**About this task**
Keep the images out while you set down the data exactly.

(Data Opens)

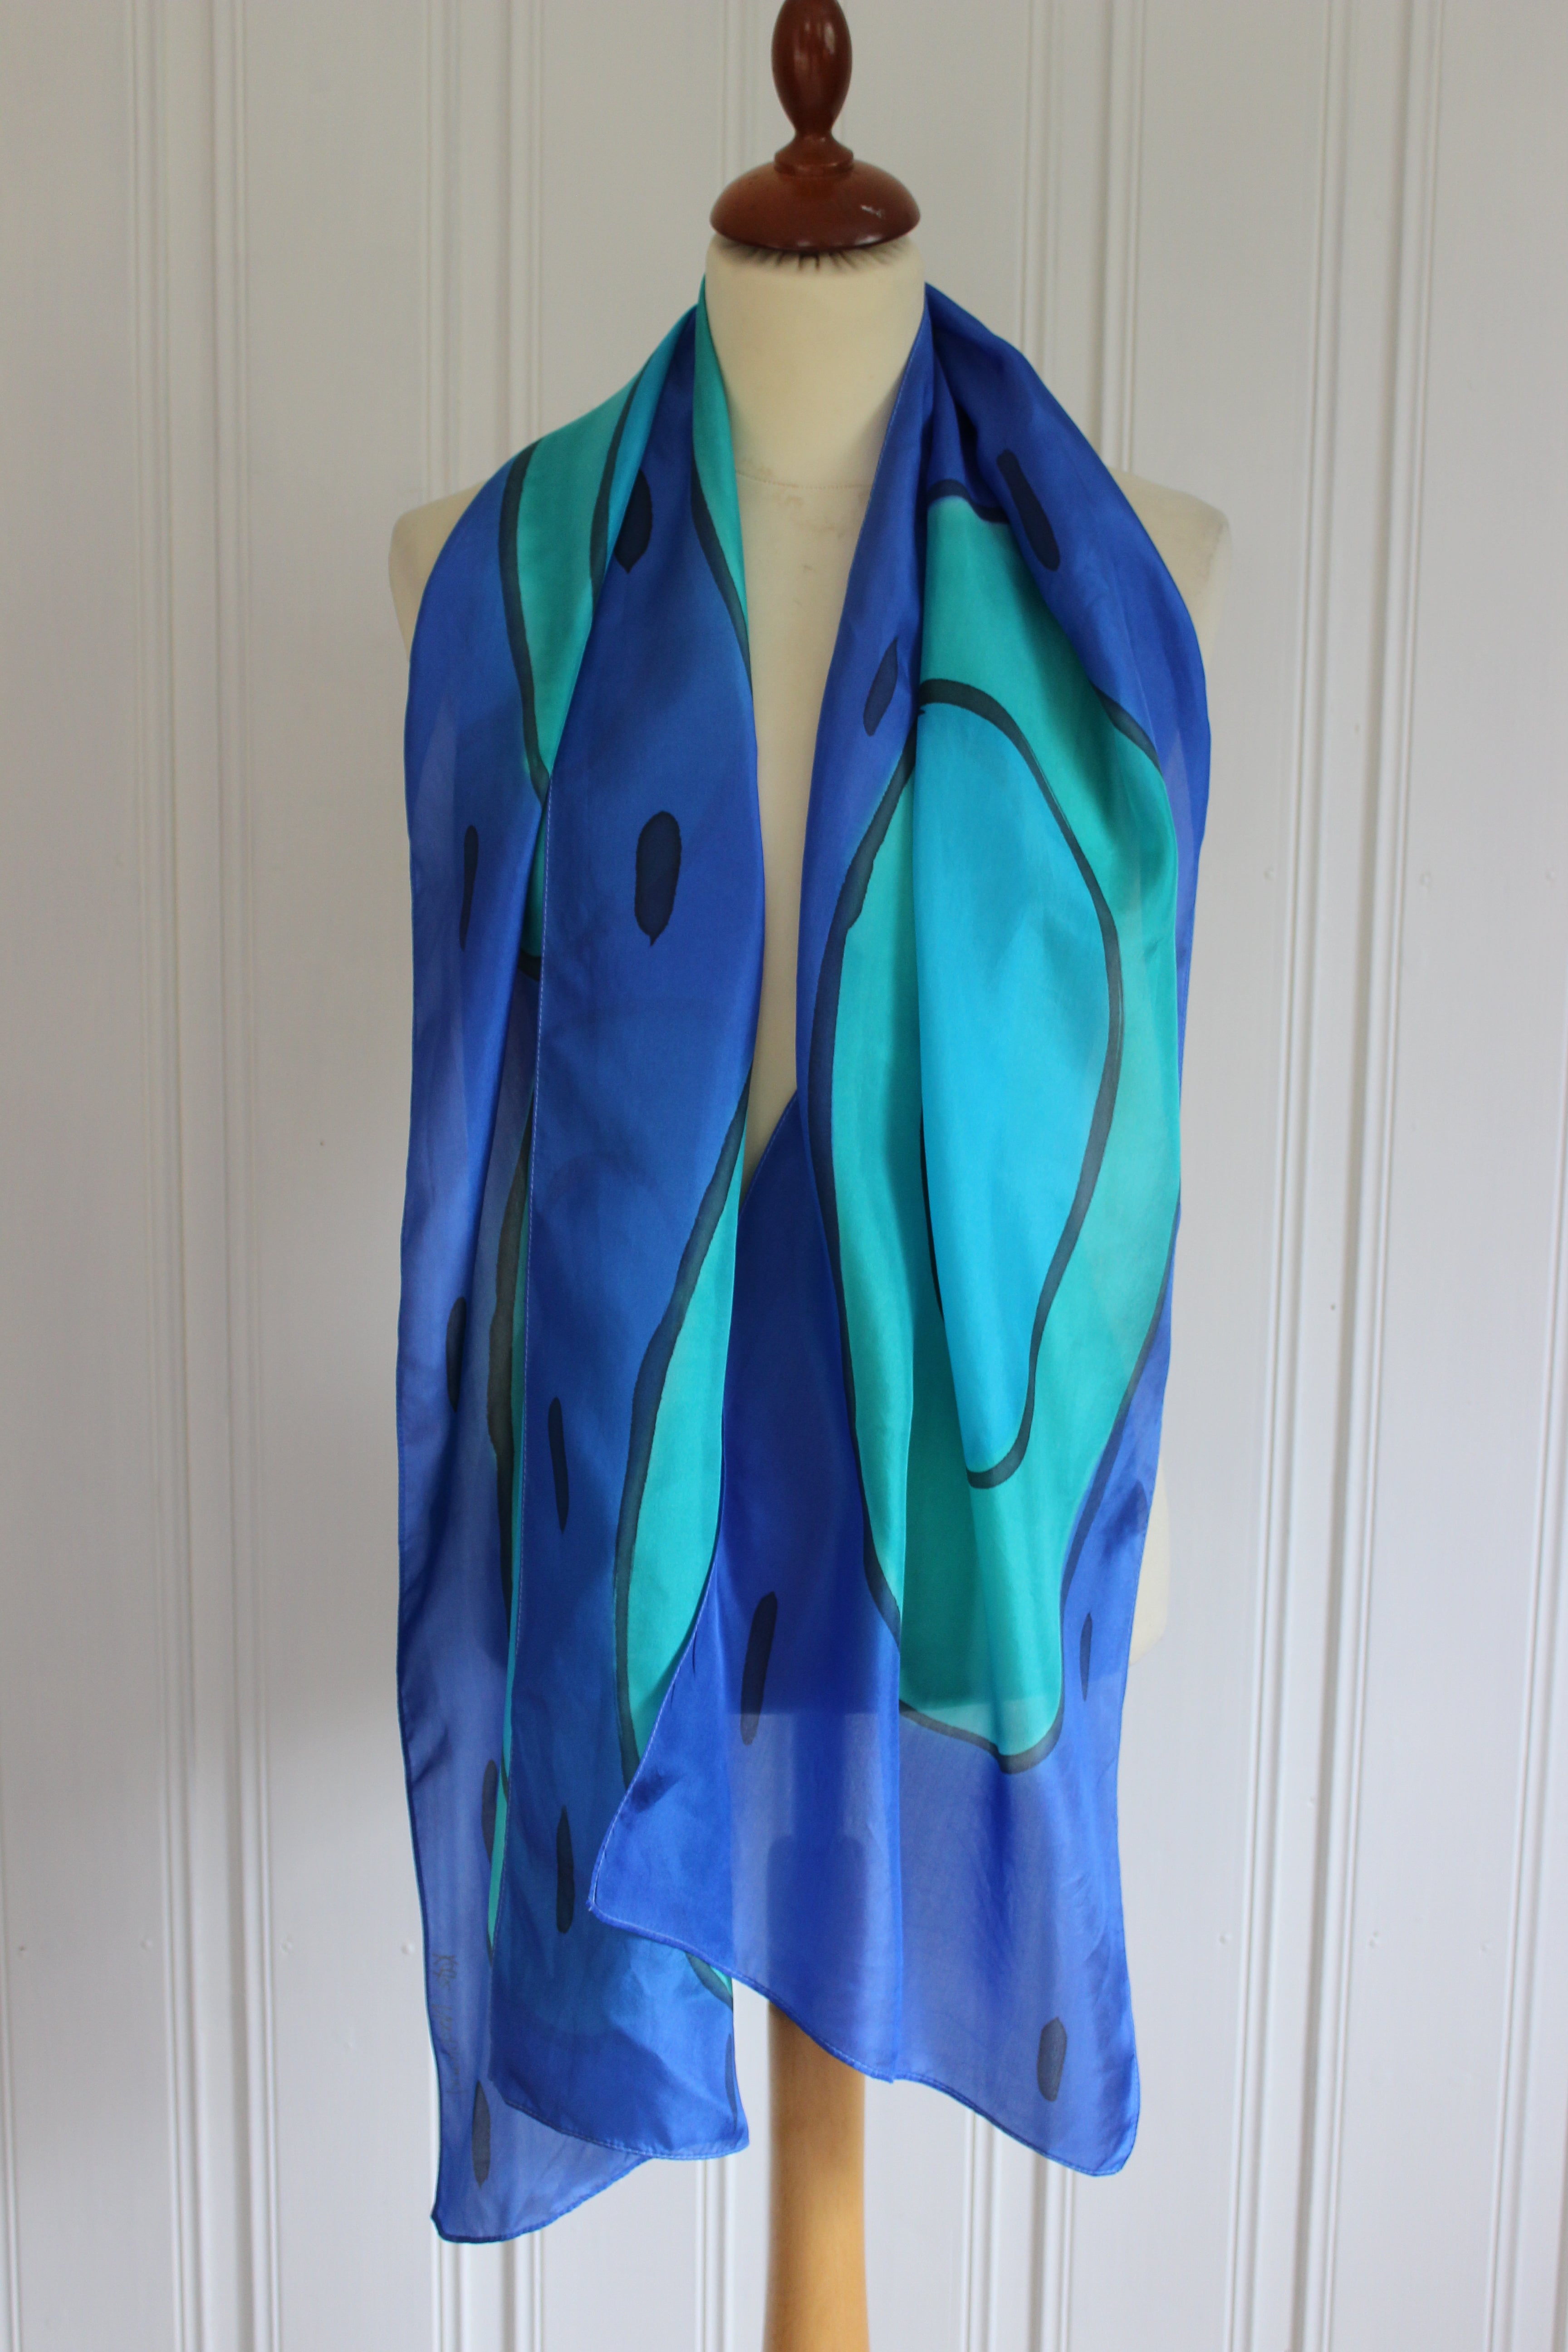 Hand painted silk scarf 4158
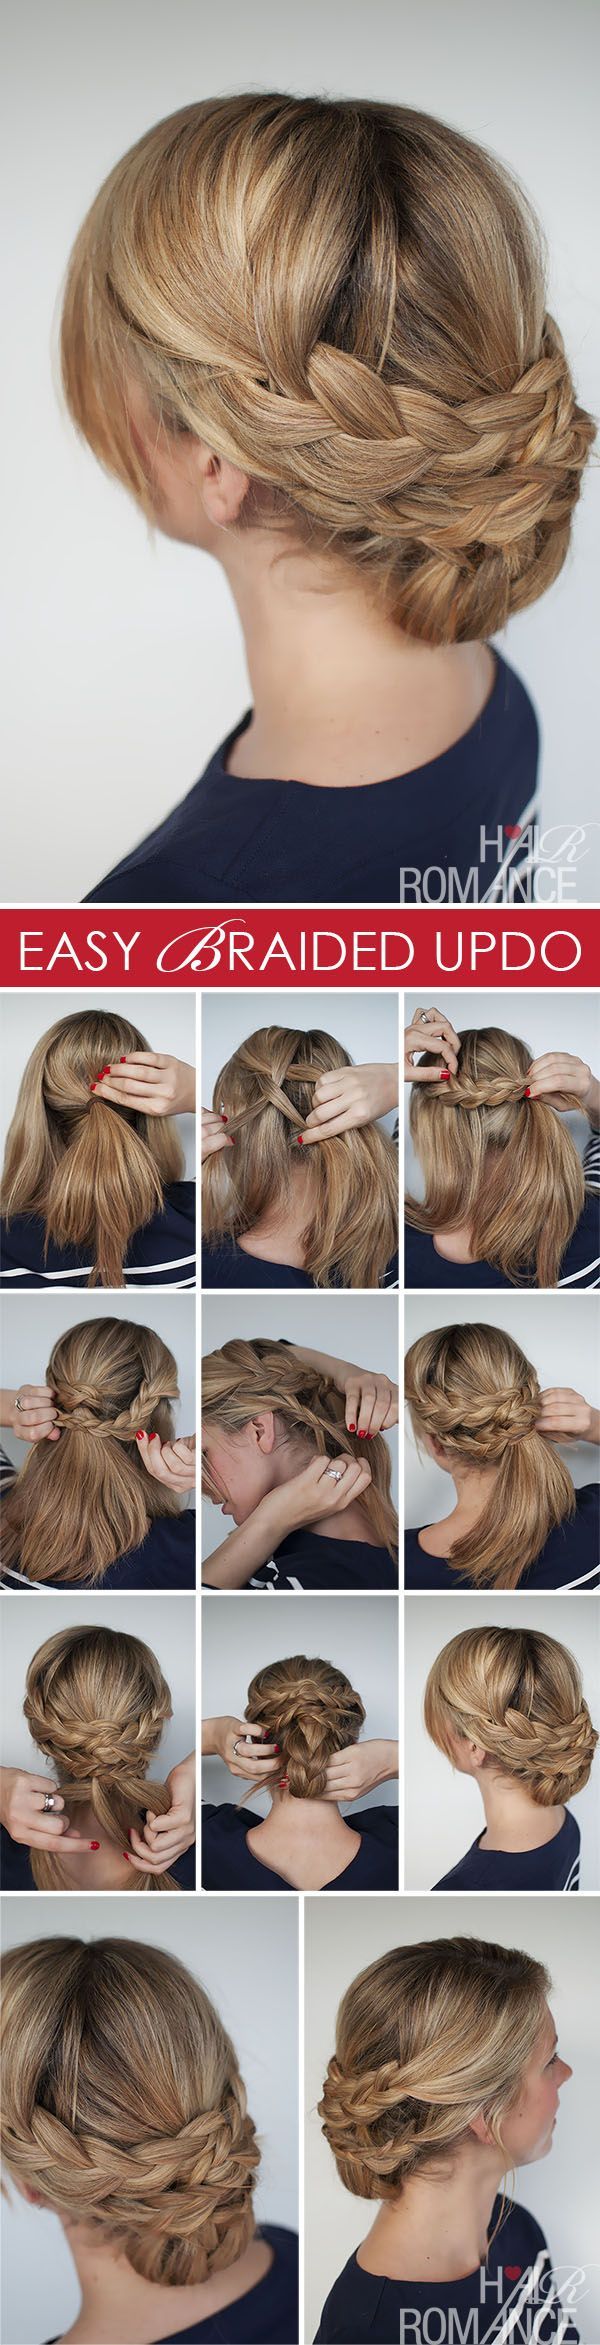 Hairstyle how to – Hair Romance easy braided upstyle tutorial
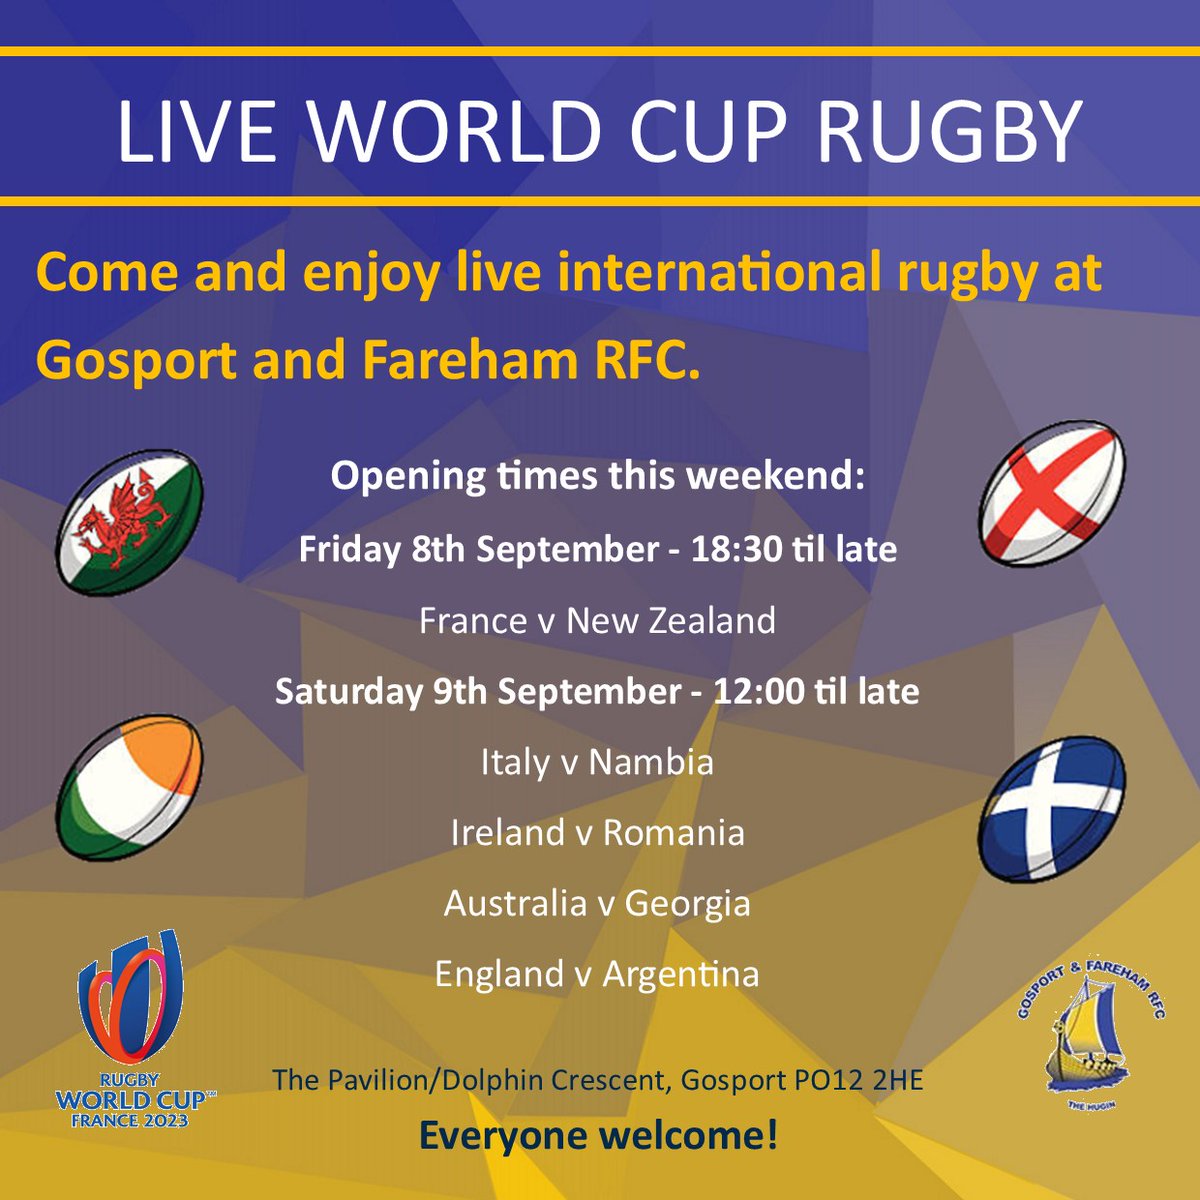 Where will you be watching the opening weekend of the Rugby World Cup? Come and join us over at Gosport and Fareham RFC! We'll be open at the times shown and everyone is welcome 🏉🏆 #rwc2023 #worldcup #rugbyworldcup2023france #rugbyfamily
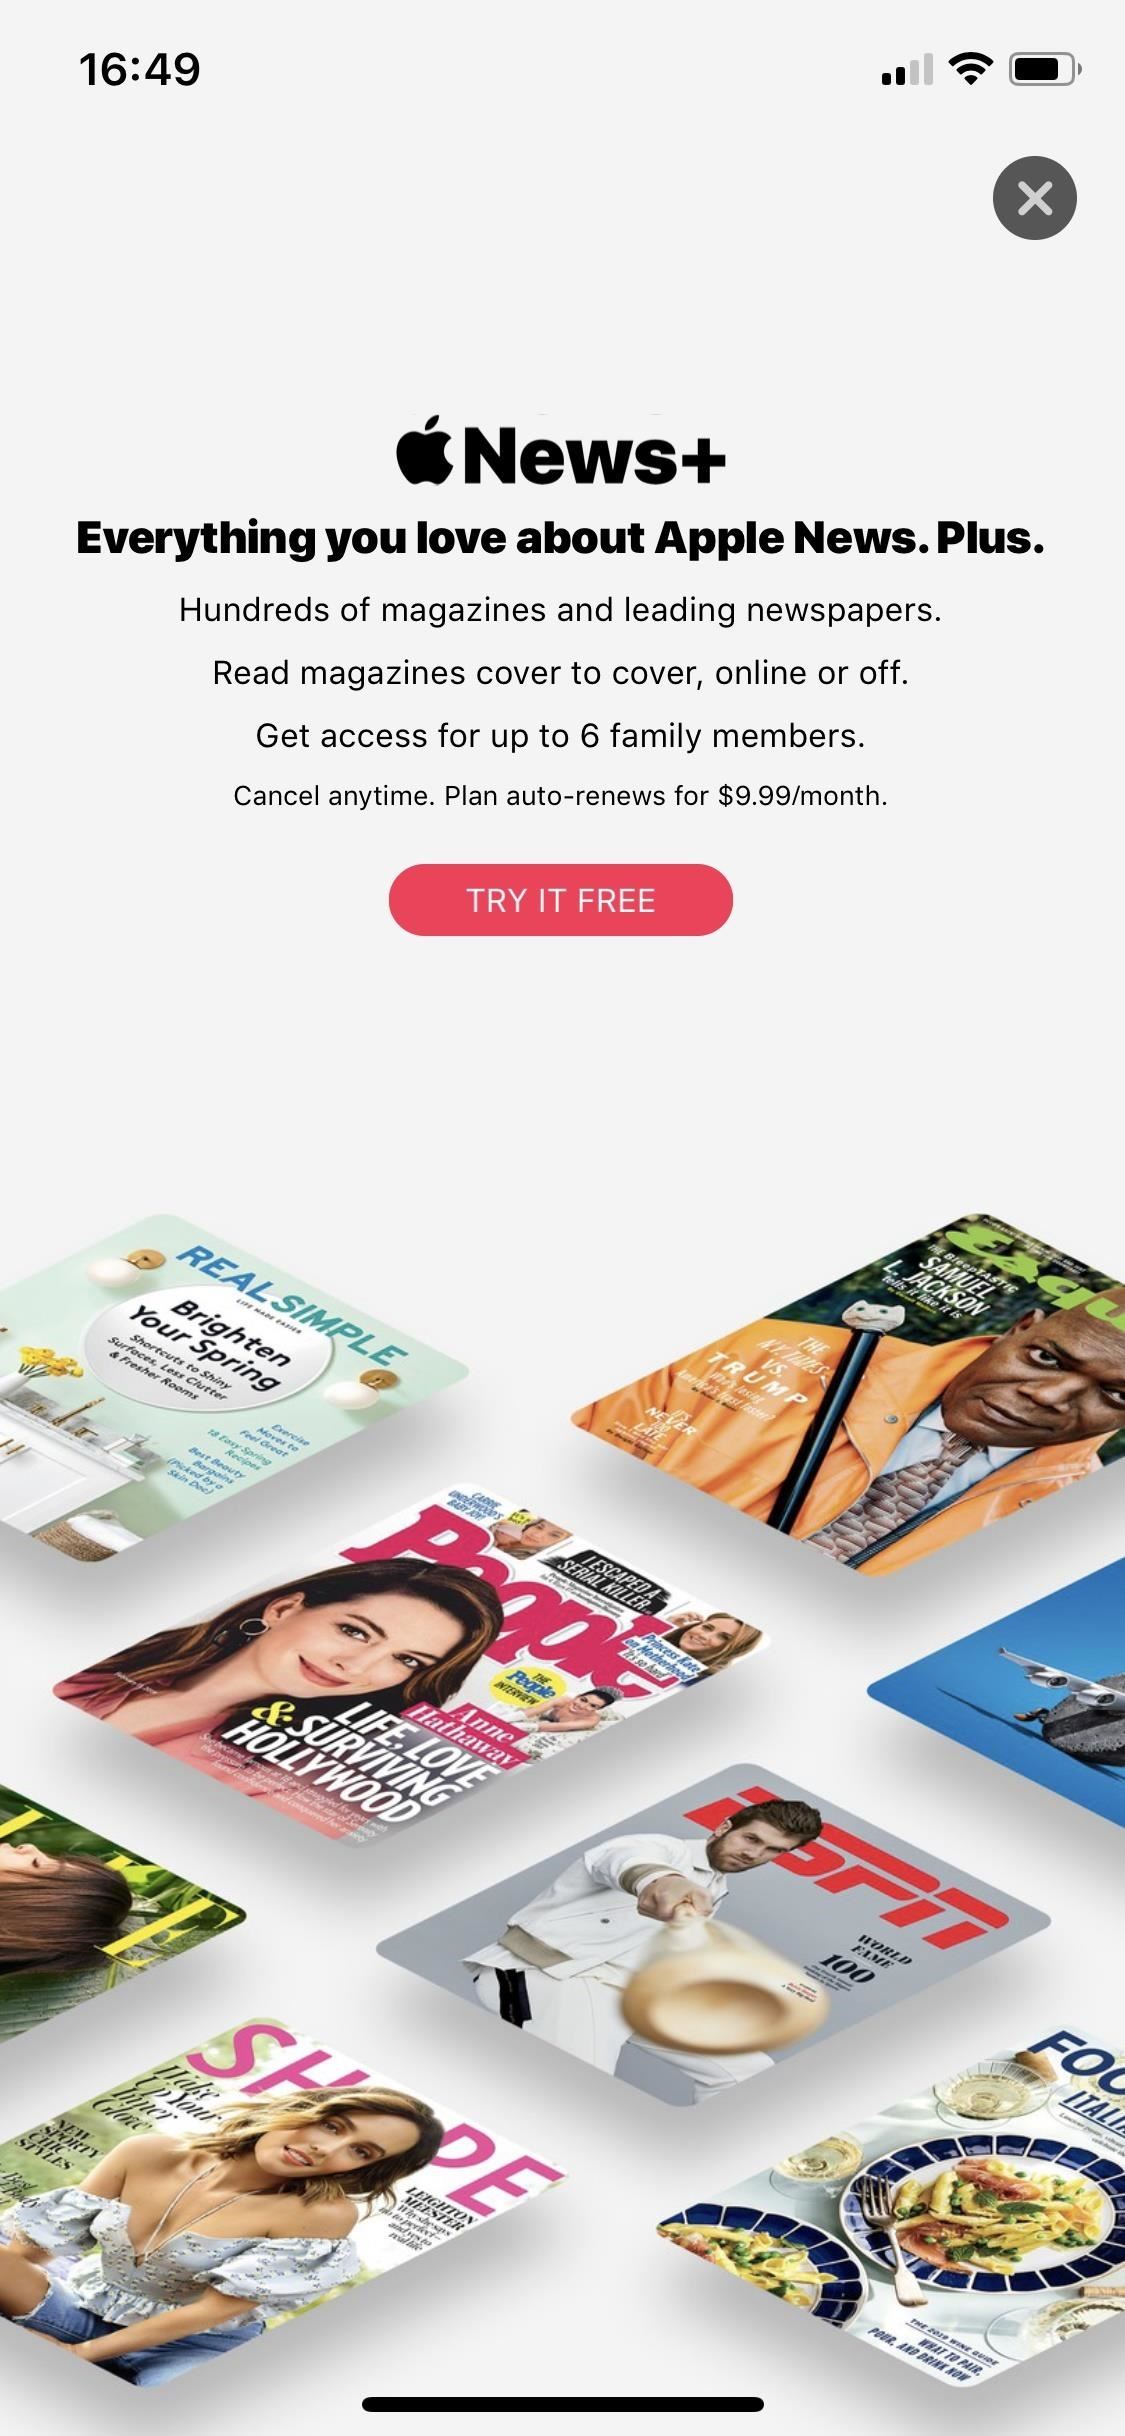 How to Cancel the Apple News+ Auto-Renewal Before Your Free Trial Ends

(Data Closes)

**Output of the exercise**
 Hand painted silk scarf 4158
 Hairstyle how to – Hair Romance easy braided upstyle tutorial
 Where will you be watching the opening weekend of the Rugby World Cup? Come and join us over at Gosport and Fareham RFC! We'll be open at the times shown and everyone is welcome 🏉🏆 #rwc2023 #worldcup #rugbyworldcup2023france #rugbyfamily
 How to Cancel the Apple News+ Auto-Renewal Before Your Free Trial Ends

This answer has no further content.